画像4。GPCR基礎活性の高低による嗅覚神経軸索投射先の変化

実際に嗅覚受容体の基礎活性が嗅神経細胞の軸索投射先と対応しているかどうかを確認するため、嗅球の前・中・後部に軸索を投射する嗅神経細胞で発現する嗅覚受容体についてそれぞれ基礎活性が測定された。その結果、嗅球前方に投射される嗅神経細胞で発現する嗅覚受容体の基礎活性は低く、嗅球後方に投射される嗅神経細胞で発現する嗅覚受容体の基礎活性は高い傾向にあることが判明したのである。

研究チームはさらにノックアウトマウスを用いた解析から、嗅覚受容体がセンサとして機能する時期と、基礎活性を使って機能している時期とでは異なるGタンパク質が嗅覚受容体のシグナルを伝えていることを見出した。

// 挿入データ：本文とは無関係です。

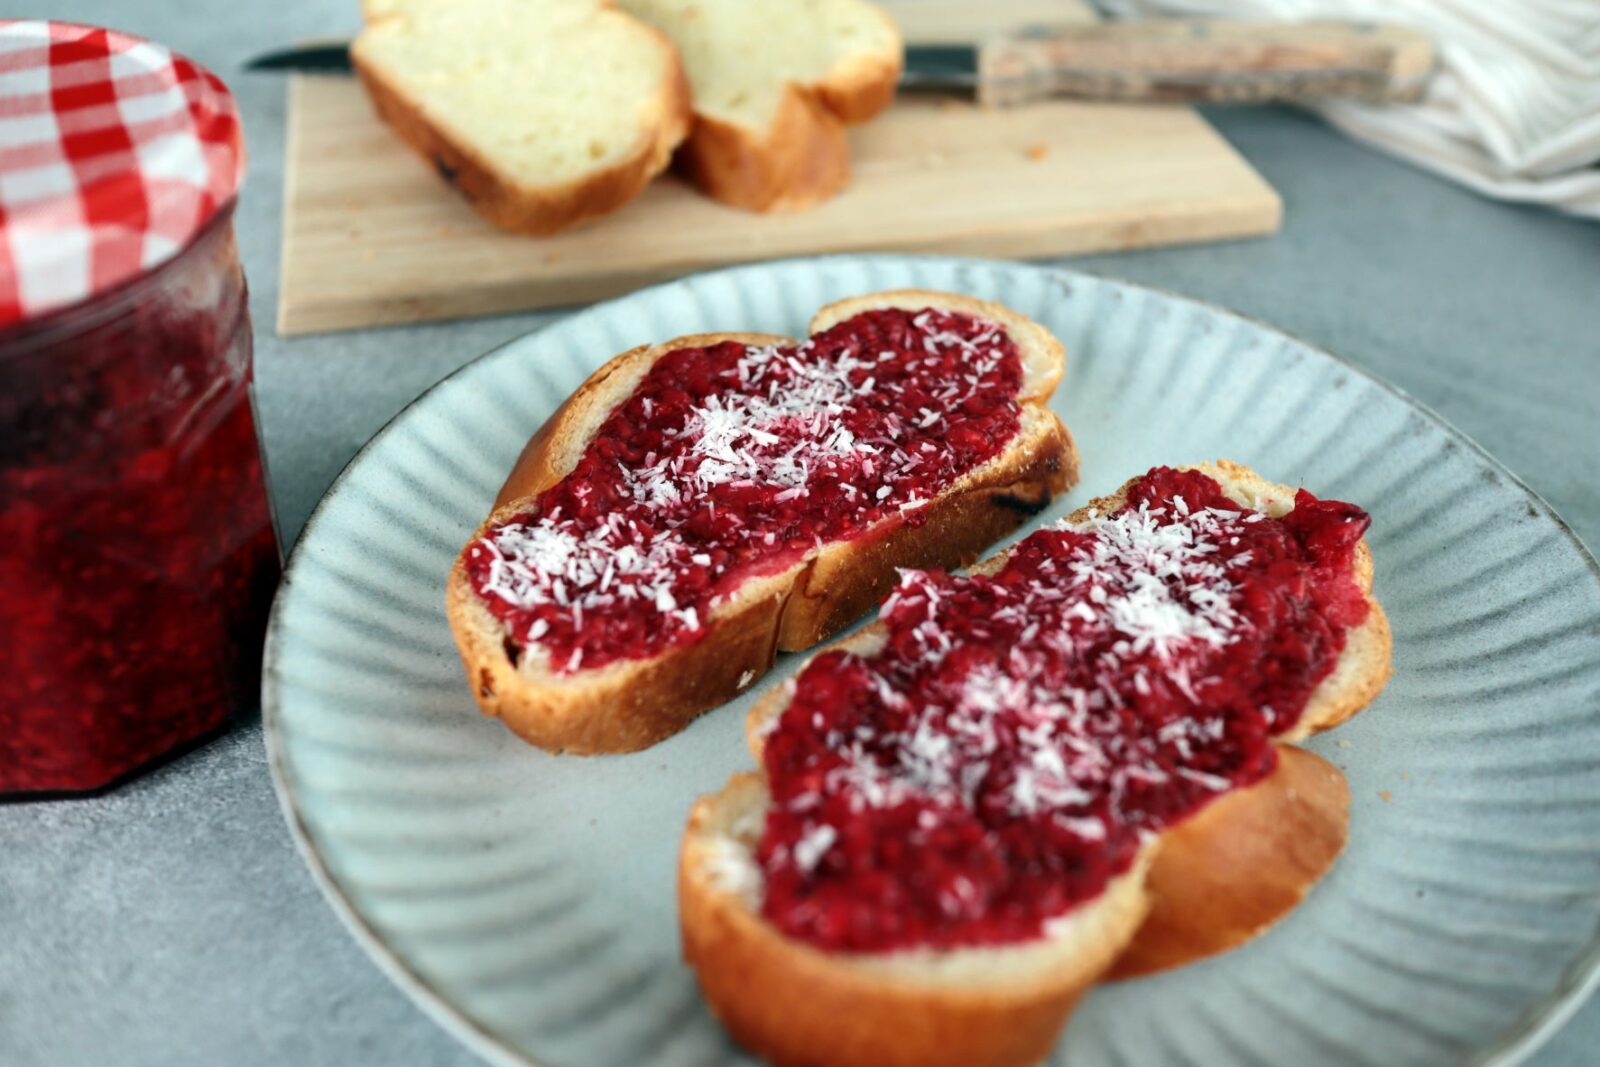 Raspberry chia jam on white bread

嗅覚受容体が匂いセンサとして機能している成熟嗅神経細胞ではGタンパク質「Golf」が機能しており、基礎活性にはほとんど生じないのに対し、嗅神経細胞が軸索を投射している未成熟な時期では、Gタンパク質「Gs」が嗅覚受容体に作用して効率よく基礎活性を拾い上げ、「cAMPシグナル」産生に結びつけていることも明らかにしたのである(画像5)。

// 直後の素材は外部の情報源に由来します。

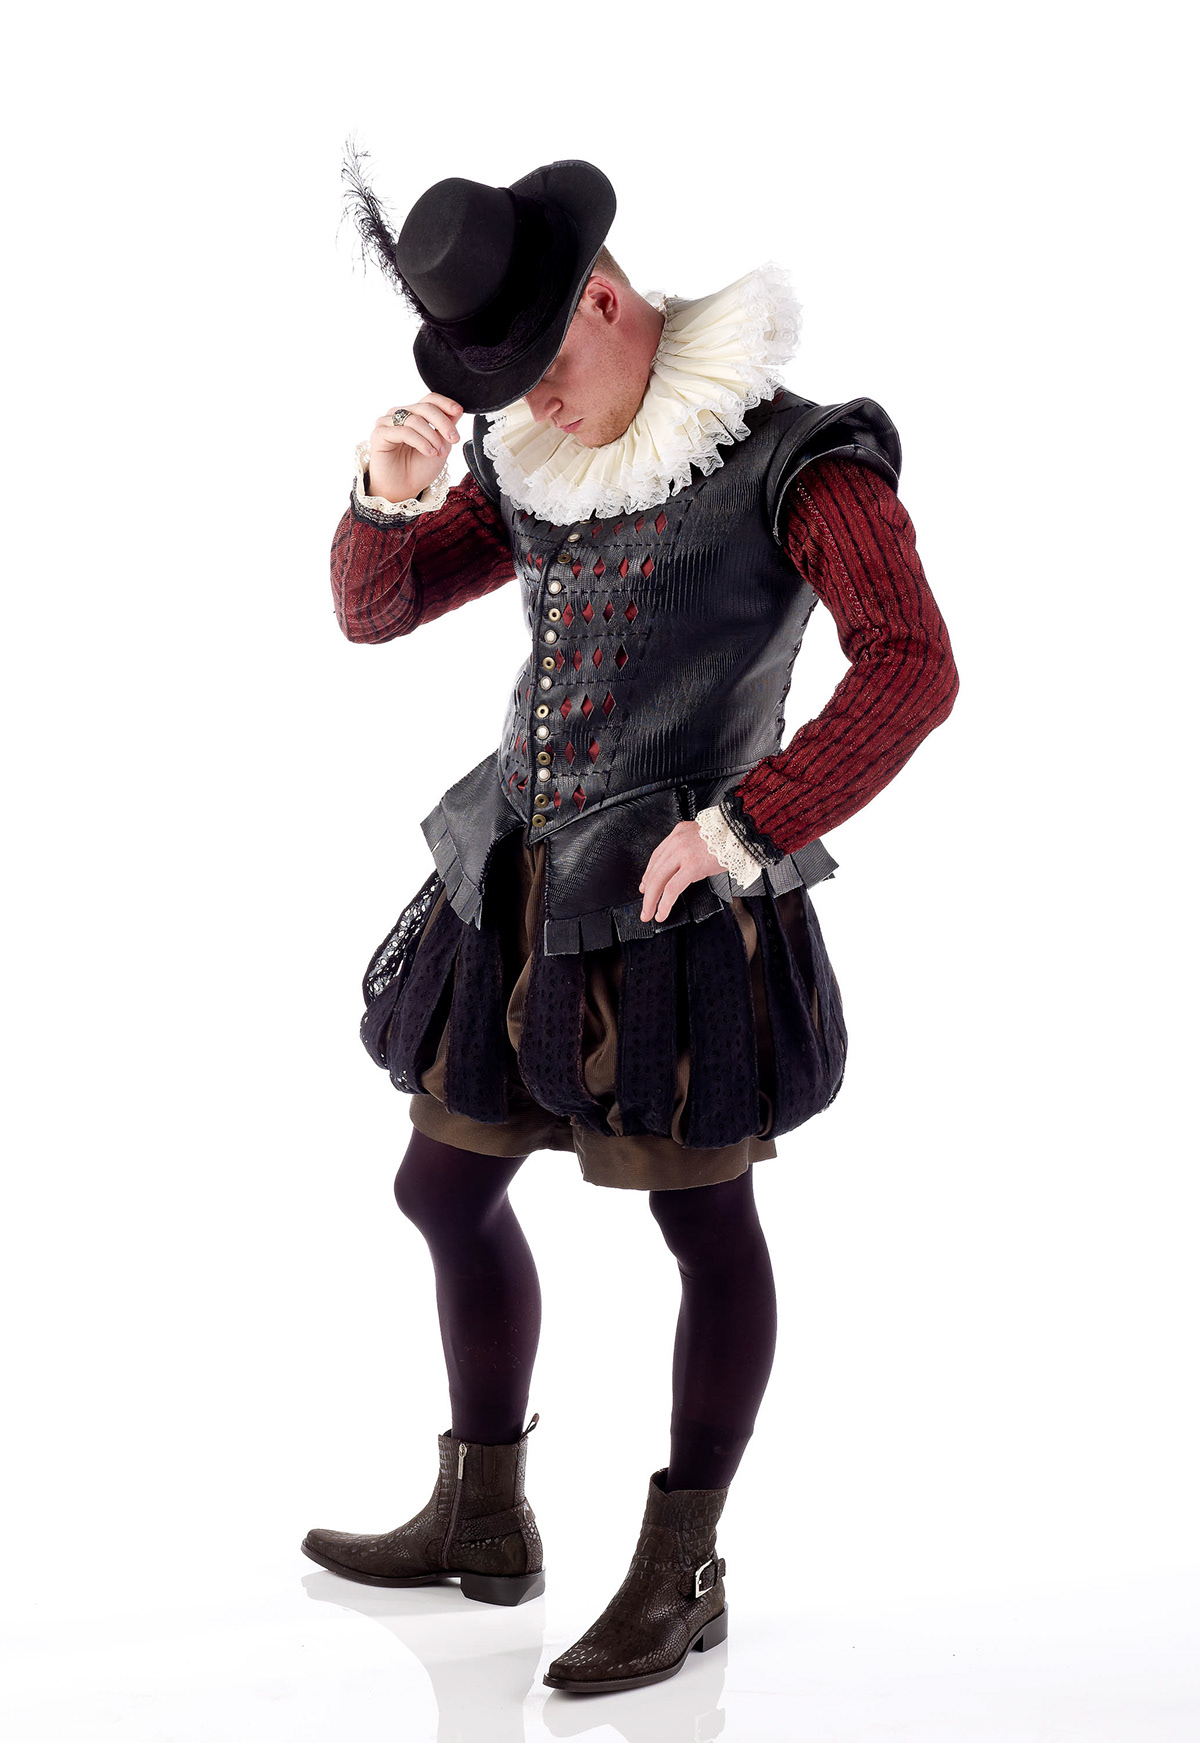 Renaissance elizabethan costume hat historical period men's

画像5。嗅覚受容体の基礎活性が嗅神経細胞の軸索投射先を制御する

今回の研究およびこれまでの坂野グループの研究から、GPCRである嗅覚受容体が外部刺激に依存しない基礎活性によって、嗅神経回路の構築を制御していることが明らかになった。ヒトを含む高等動物の複雑な脳機能は、1000億個もの神経細胞が発生の過程で自身の細胞個性に従って互いにシナプスを形成し、精巧な神経回路網を構築することにより支えられている。そのため、神経細胞の個性がどのようにして規定され、特異的な回路構築を達成するのか、その機構の解明は神経発生学における一大テーマとなっているというわけだ。

今回、研究チームはマウス嗅覚系をモデルとして、嗅神経細胞の個性を規定するシグナルの起源がGPCRの基礎活性であることを明らかにした。この研究成果はほかの神経系にも応用できる可能性があり、複雑な脳のネットワークが構築される仕組みを理解する鍵になると期待されるという。一方、今回の成果はセンサとしての機能ばかりが注目されて来たGPCRが、刺激によらない基礎活性によって生理学的機能を果たすことを示した最初の例であり、創薬を始めとしたGPCRの研究分野に新しい切り口を与え得ると予想されるとしている。